Genetic Future

i-c77ca584065fb20ce303adb4efc0b9ba-people_quake.jpgA paper just released in the Lancet describes a thorough and integrated approach to squeezing as much clinically relevant information as possible out of a genome sequence. However, despite a state-of-the-art clinical interpretation pipeline, the major message from the paper is just how far we still have to go before we can make full use of our genetic information.

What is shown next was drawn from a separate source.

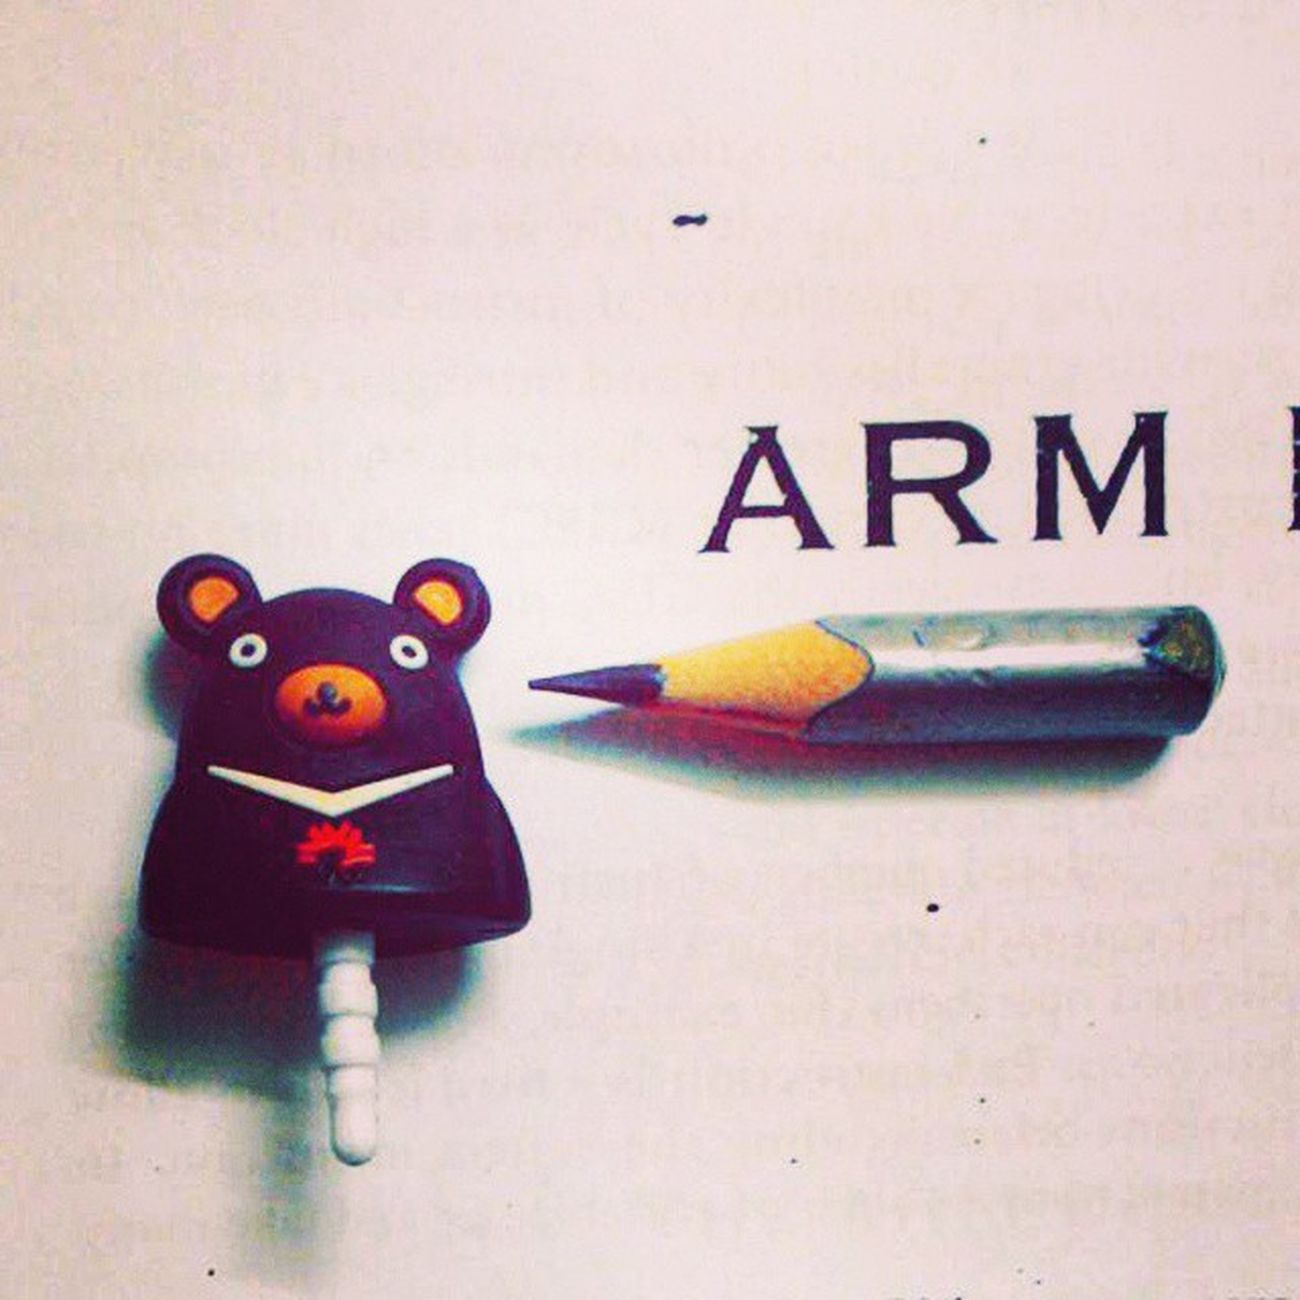 Arm MP Study Exam Toy Pencil Sharp Book Read Life Love College Crazy Fun Followed Followgram Madness

The paper is based on the genome of Stephen Quake (right), which was sequenced using the single-molecule platform developed by Helicos (I wrote about Quake’s genome publication at the time). This is a rather curious choice: of all of the genome sequences currently available for analysis, Quake’s is one of the least complete and accurate due to the very short reads and high error rates of the Heliscope. It’s also interesting to note that at least one of the other authors on the paper – George Church – has a substantially better-quality sequence of his own genome (generated by Complete Genomics) in the public domain. 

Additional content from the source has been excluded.